People would ask for Wi-Fi before they even asked for your name. They traveled in herds around the city, looking at their phones just in case a nice person decided to leave their network open.
If you recall all of this, you probably know that Starbucks gained most of their clients with a simple tactic no one on the coffee industry would ever consider: free Wi-Fi. Aaaaaand, boom!
I don’t care, give me some Instagram
If we look through the entire history of internet adoption, we can see that people are joining the internext faster than ever before:
This gives us an idea of how many users are actually browsing the internets for information nowadays: a rough estimate of 50% of the total world population, 3.5 billion people, in other words: half the world’s population is accessing internet. But, how does this amount of people are accessing this information?

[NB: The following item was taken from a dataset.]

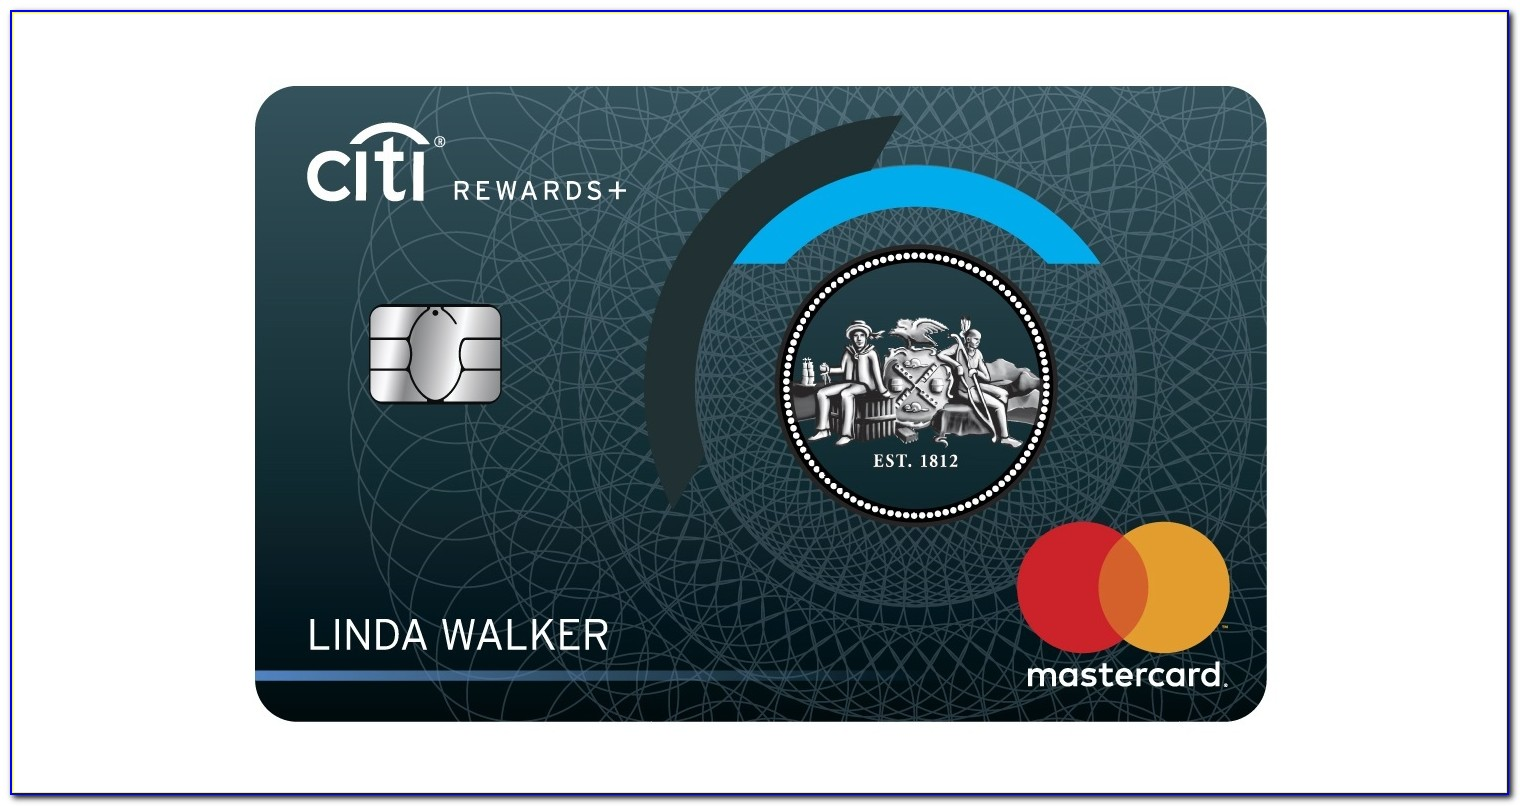 Citi Credit Card Invitation Number

It isn’t hard to understand why Mobile is the way internet is getting into everyone’s life: it is easier to use, easier to acquire, but, most importantly, it’s cheaper to buy a mobile device than a desktop (or laptop for those matters) computer. So, people is accessing the big network via mobile devices such as phones and tablets, and there is only two (supported and realistic) ways these devices can access the internet: Mobile Data Plans and Wi-Fi.
Wi-Fi, the perfect sidekick
So, lets go back to 2011, everyone was really enjoying this new Twitter thing, Instagram became a big hit, Facebook became the top social-network and YouTube became the platform of free-speech (at least that’s what it seemed) we’ve all been waiting for.
As the time went by, mobile networks became faster and cheaper to deploy and so did the data plans prices. Still, as the writing of this blog, the price is higher for a few Megabytes than the entire monthly fee for a dedicated home internet service. This is why people keep using Wi-Fi whenever it is possible.
My computer got AIDS at the airport, RIP
Security will always be determined by the amount of intelligent people using the system.
“If you don’t get caught, you deserve everything you steal.”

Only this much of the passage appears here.